Scalability, Efficiency, and Limitations
VC-Agent achieves high-quality dataset construction with minimal user input and scales efficiently to large datasets (up to 80k samples). The system incurs higher computational cost per video (1.53s) compared to traditional retrieval (0.42s), but this is offset by superior generalization and specificity. Limitations include reduced performance on highly complex or ambiguous requirements (e.g., multi-view shots, transient object movements), which are primarily constrained by current MLLM capabilities.
Figure 8: Failure cases observed during user studies, highlighting challenges in distinguishing highly realistic virtual scenes and transient object movements.
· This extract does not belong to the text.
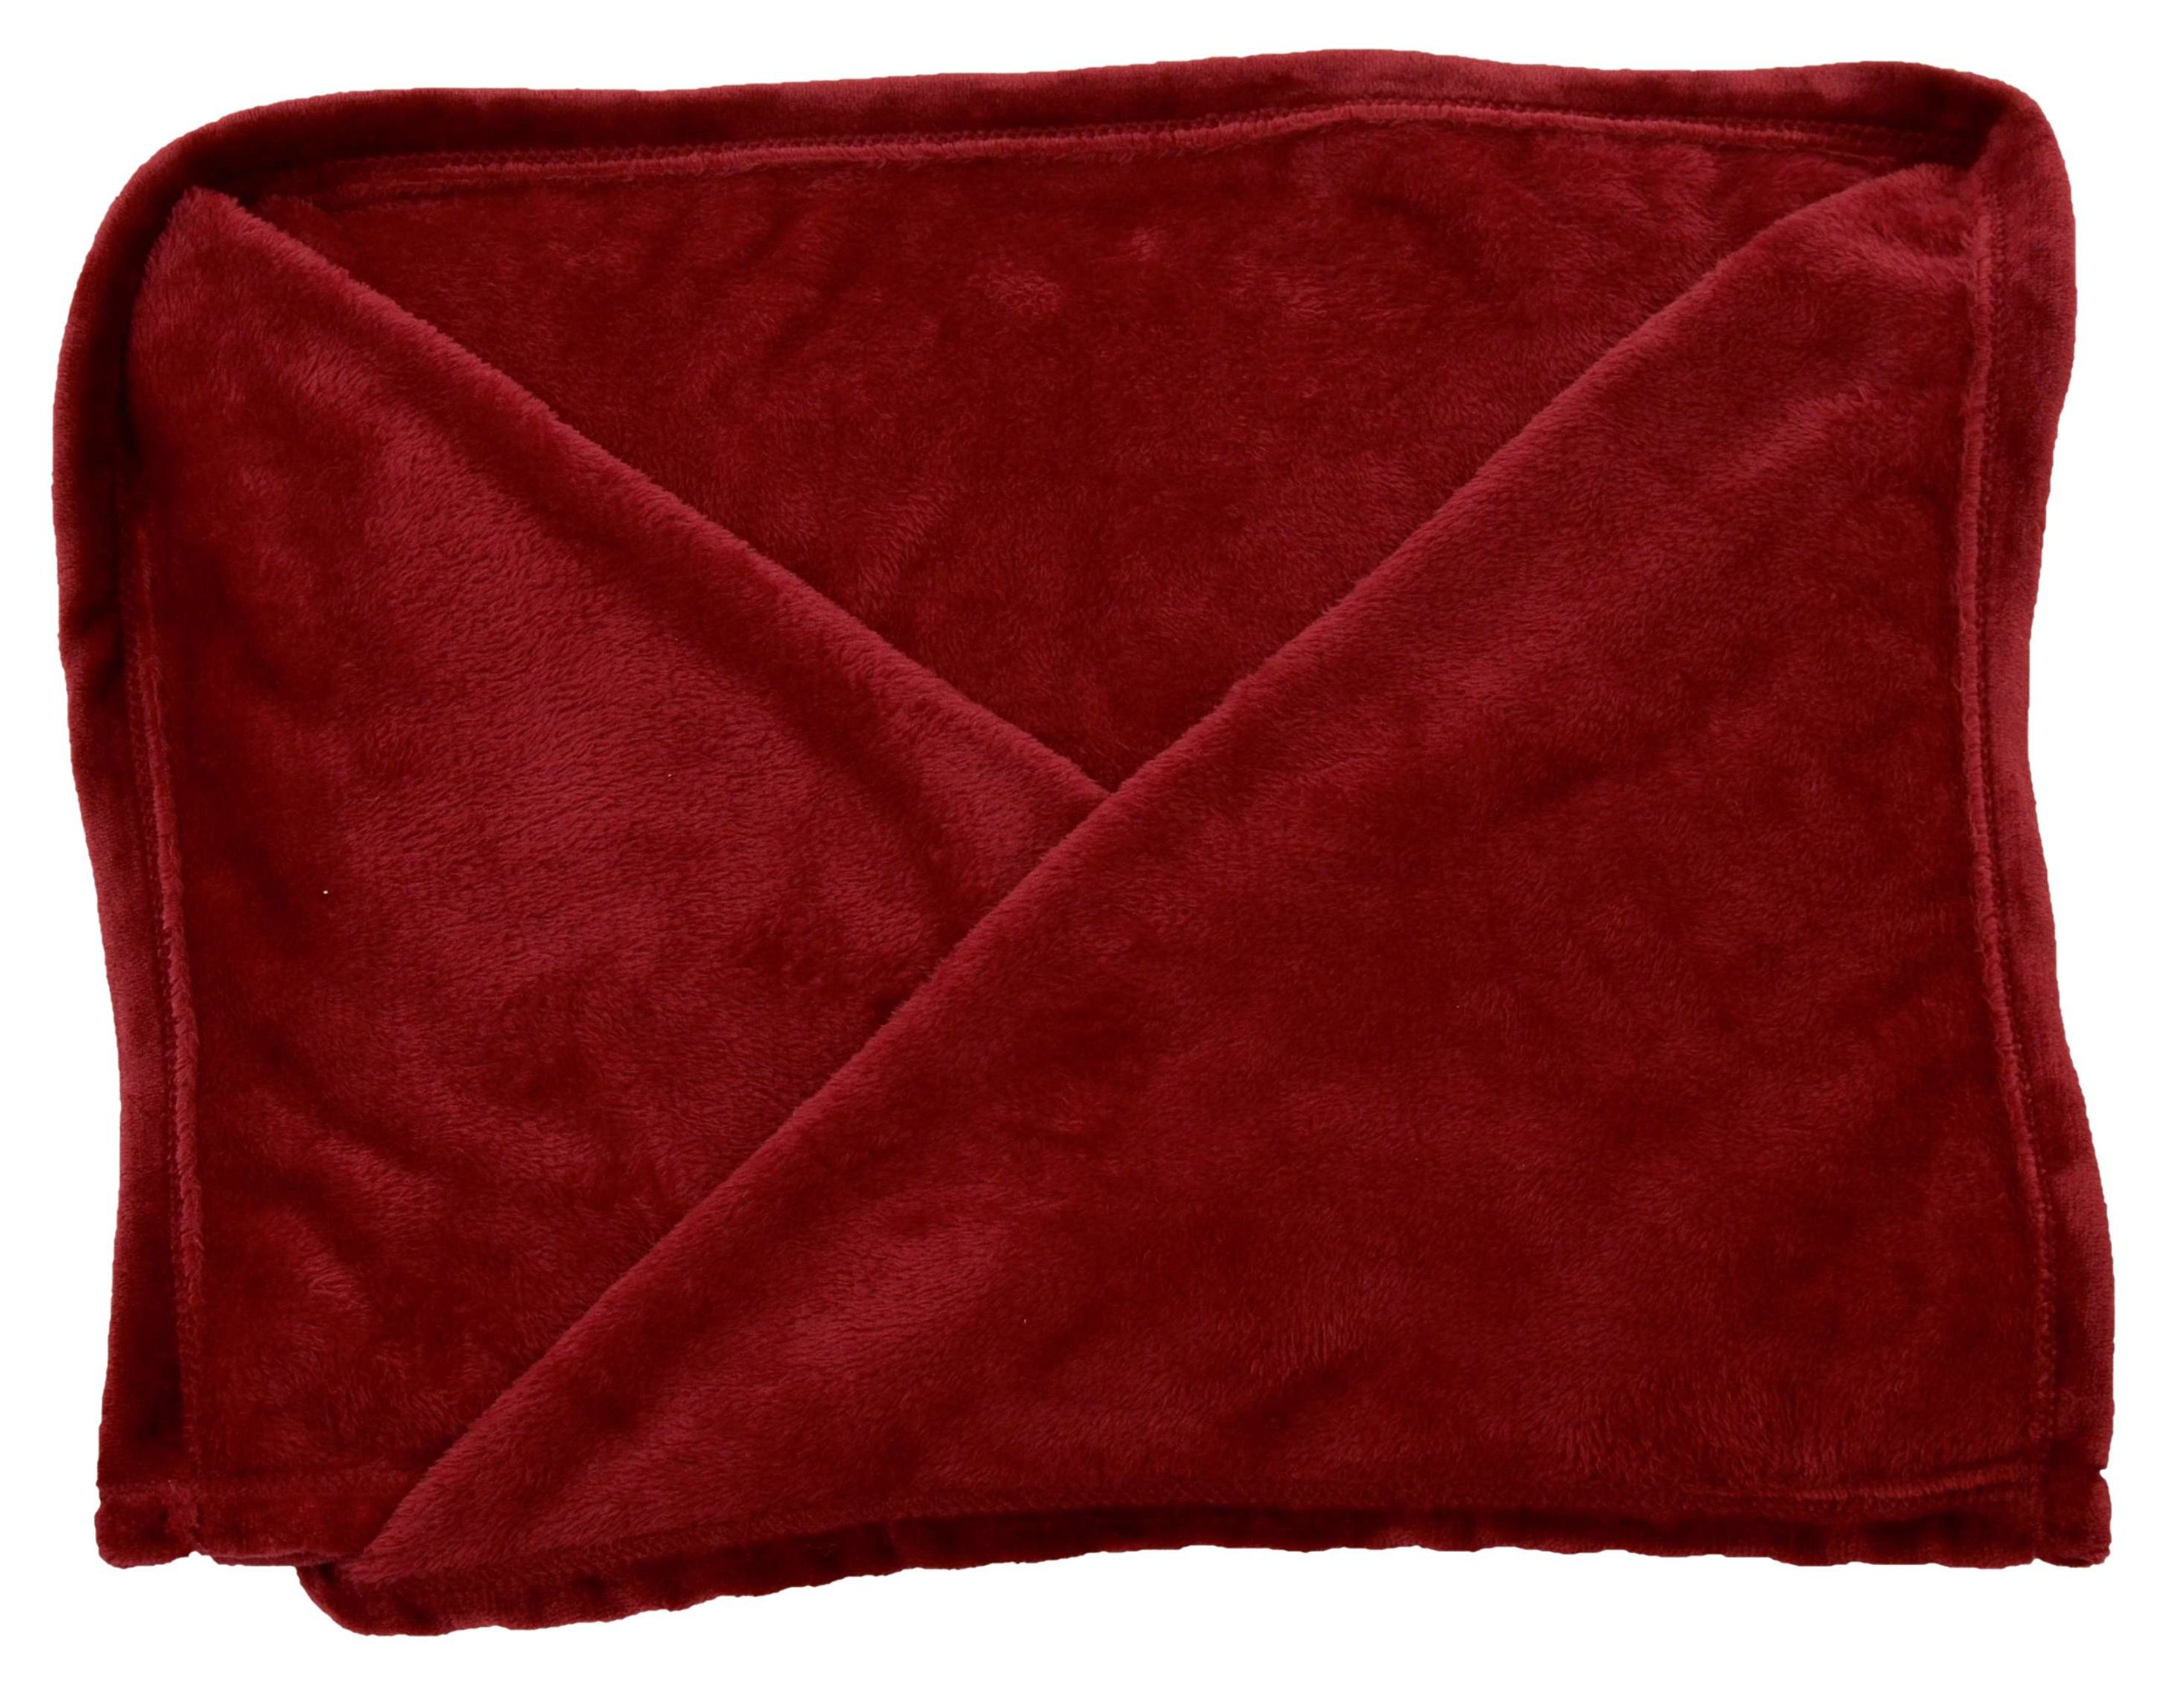 Snuggle fleece blanket with sleeves garnet red 150x180cm

Implications and Future Directions
VC-Agent demonstrates that interactive, MLLM-driven agents can dramatically accelerate the construction of customized video datasets, enabling rapid adaptation to specialized domains and tasks. The dual-policy filtering mechanism and iterative user feedback loop are effective for capturing nuanced requirements. Future work may focus on improving MLLM grounding for complex attributes, optimizing computational efficiency, and extending the framework to additional modalities and annotation types.
Conclusion
VC-Agent establishes a robust paradigm for interactive, scalable, and high-quality video dataset collection. By integrating multimodal reasoning, iterative policy refinement, and user-centric design, it enables efficient construction of domain-specific datasets that directly benefit downstream model performance. The framework’s extensibility and empirical results suggest broad applicability across video-centric AI research and industry applications.